[[ Data provided open ]]

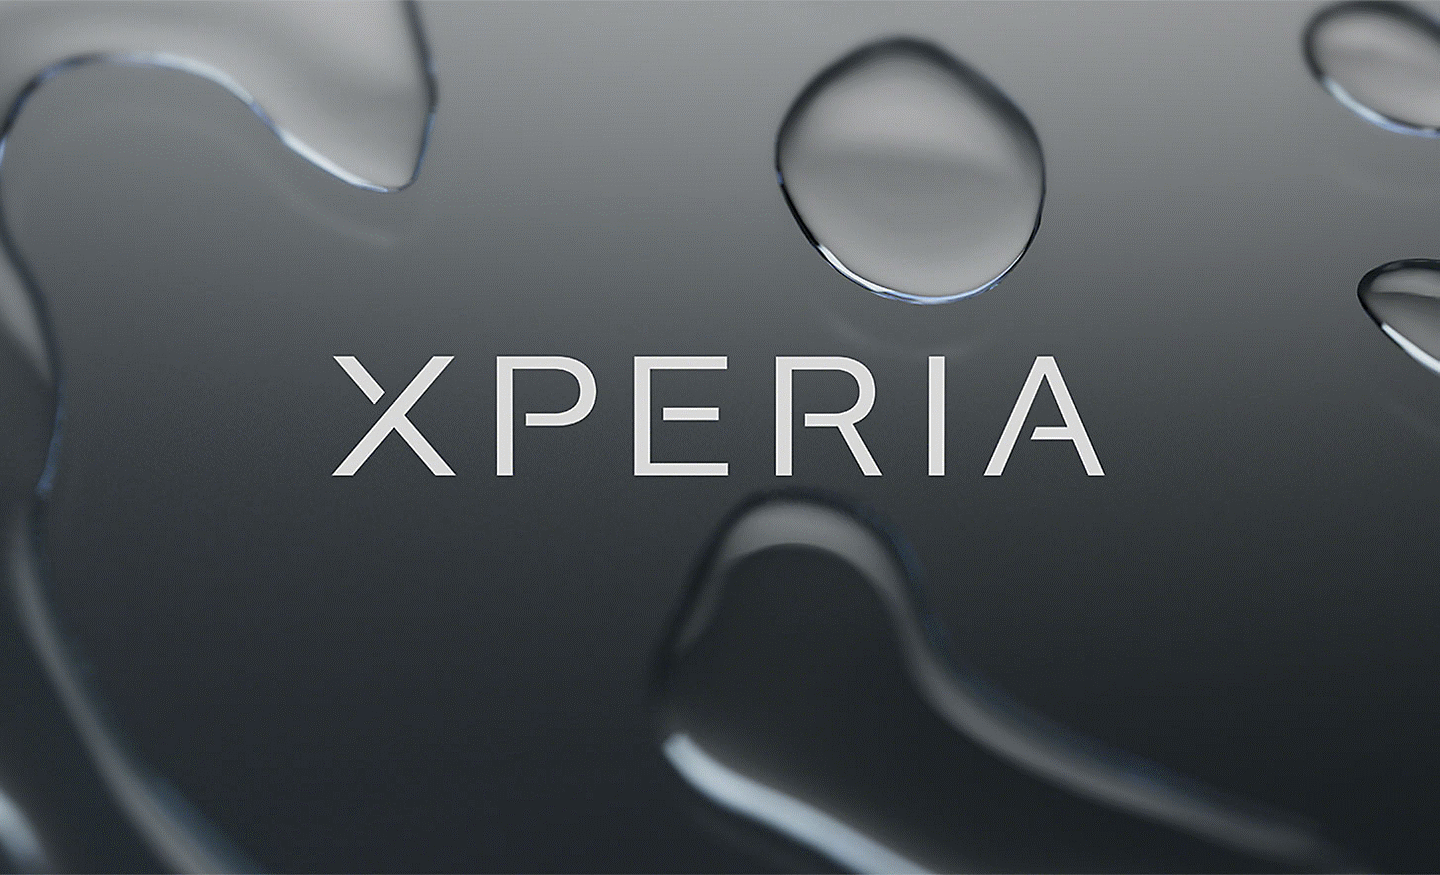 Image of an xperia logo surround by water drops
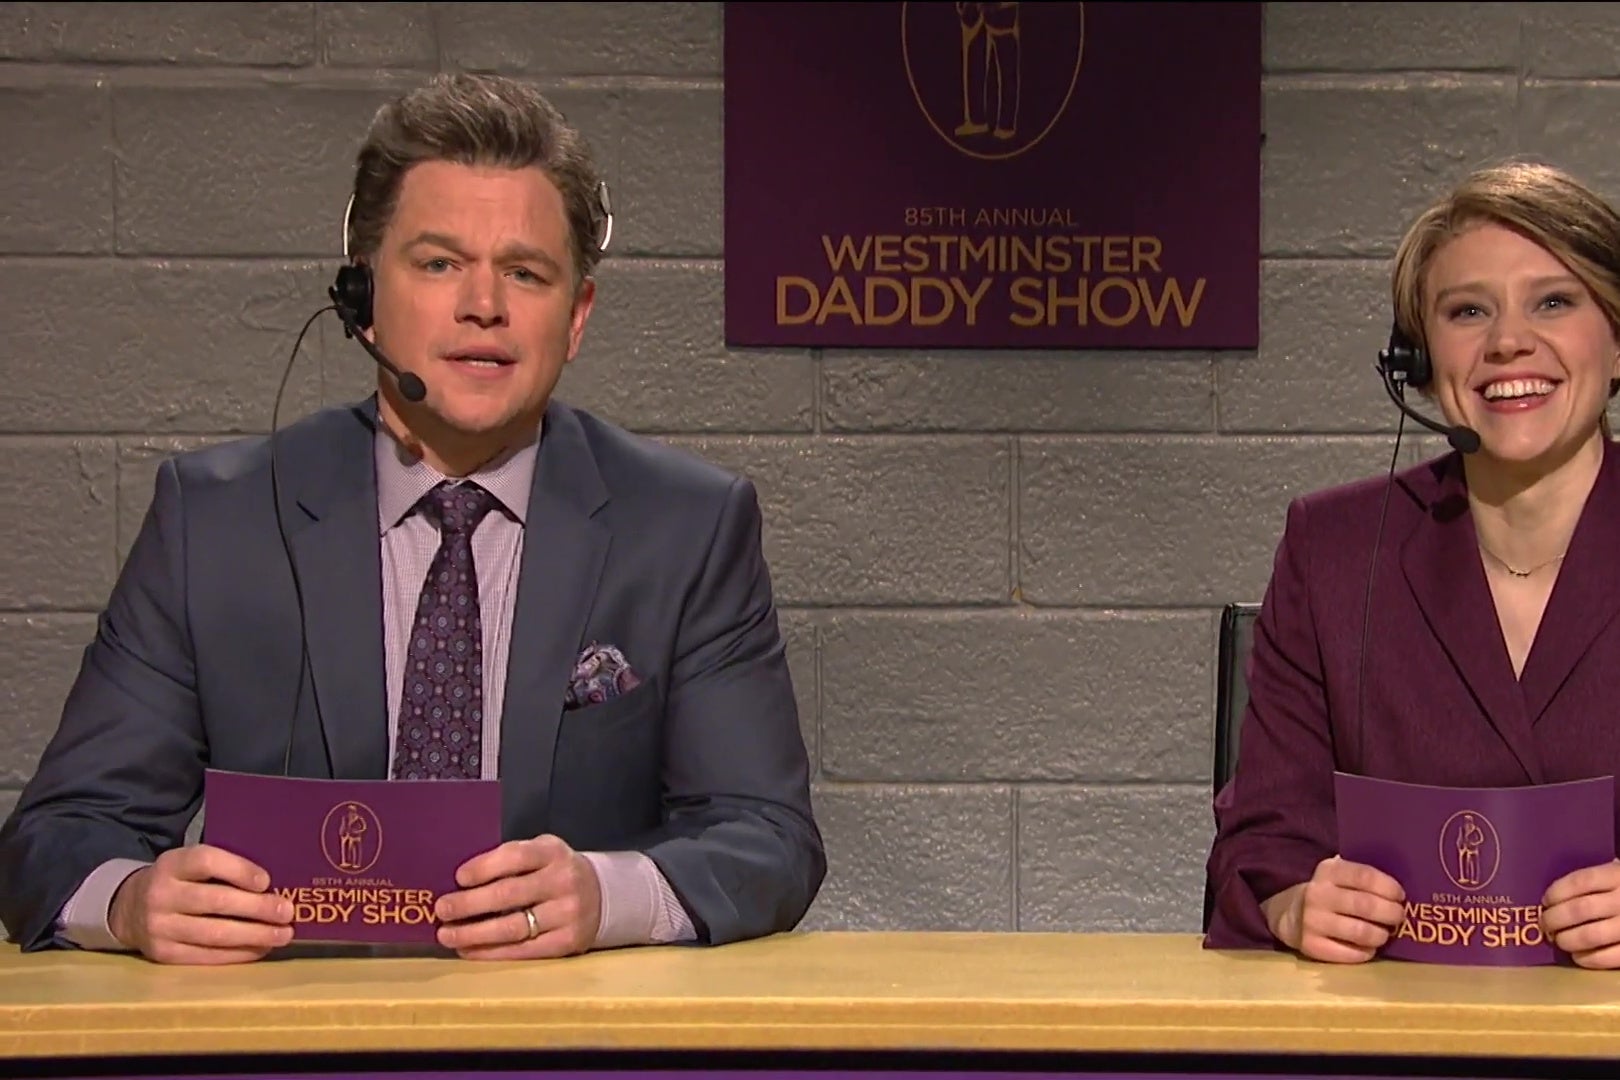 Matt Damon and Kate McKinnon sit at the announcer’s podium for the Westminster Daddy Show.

[[ Data provided closed ]]
[[ Data provided open ]]

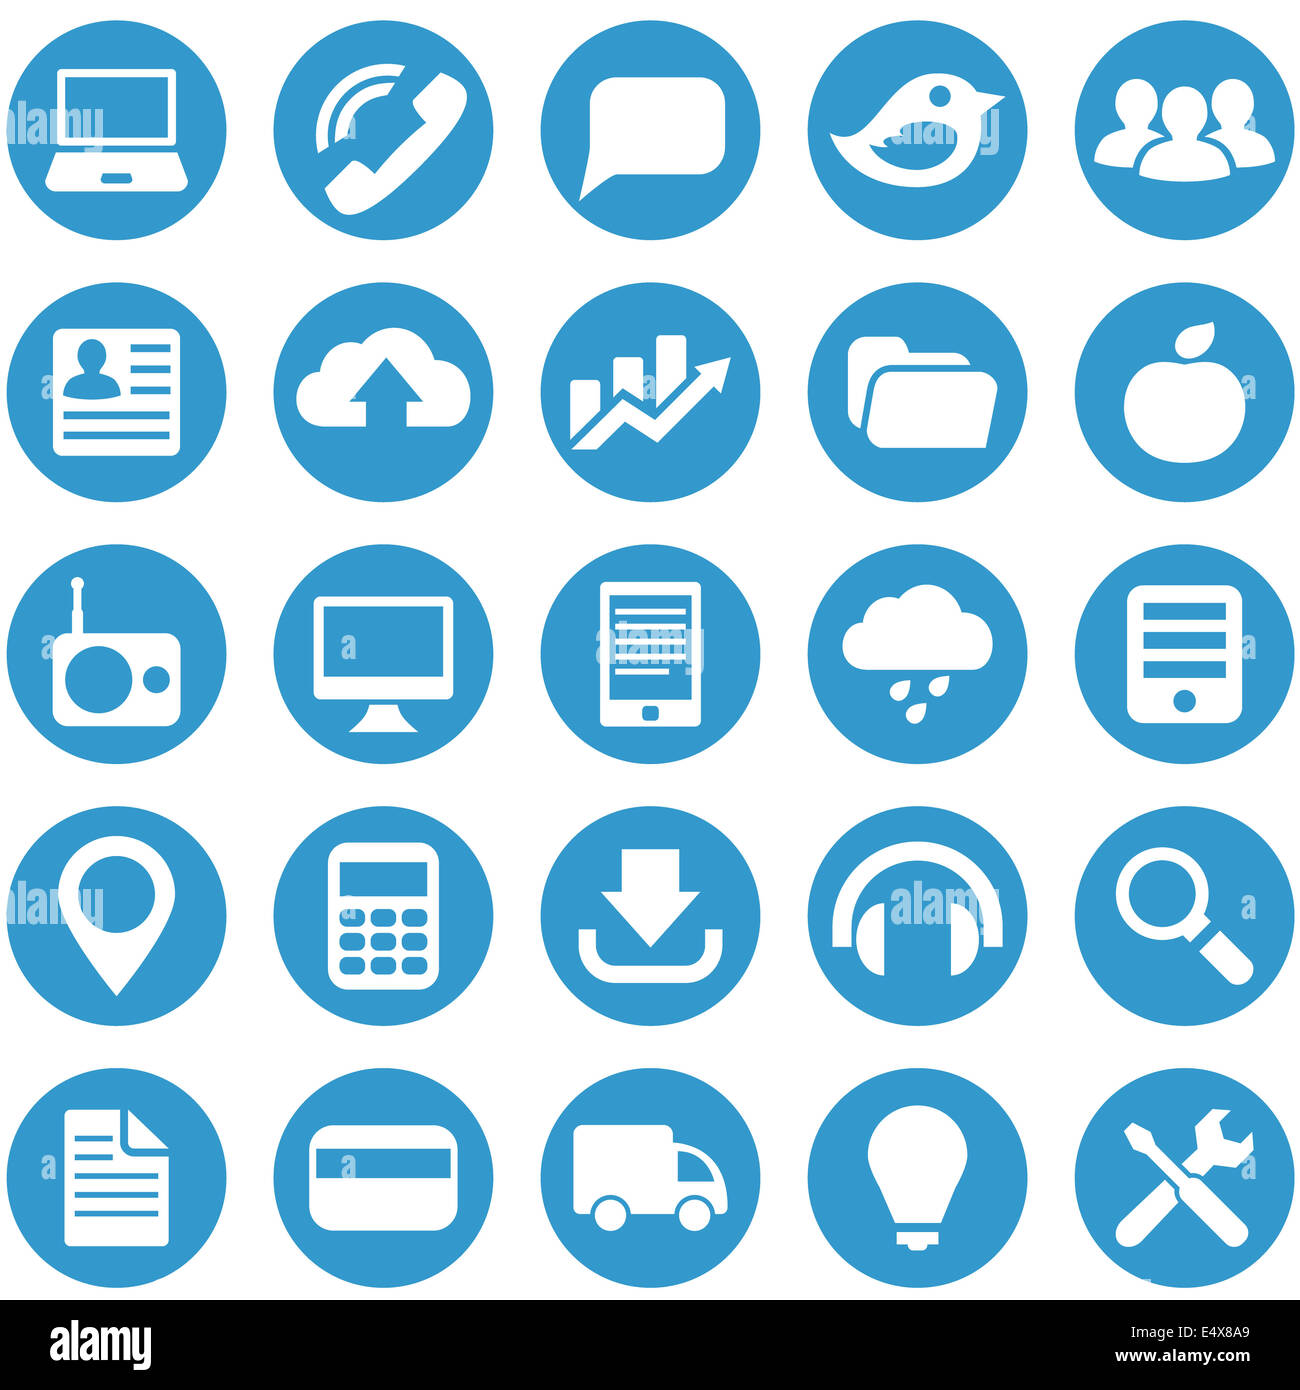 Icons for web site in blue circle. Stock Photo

[[ Data provided closed ]]

> Exercise goal
Each line from the one that contains "Image of an" down to the one that contains "Matt Damon and" is to be returned exactly as it stands above, both ends included, with pictures removed.

> Answer to this task
 Image of an xperia logo surround by water drops
 Matt Damon and Kate McKinnon sit at the announcer’s podium for the Westminster Daddy Show.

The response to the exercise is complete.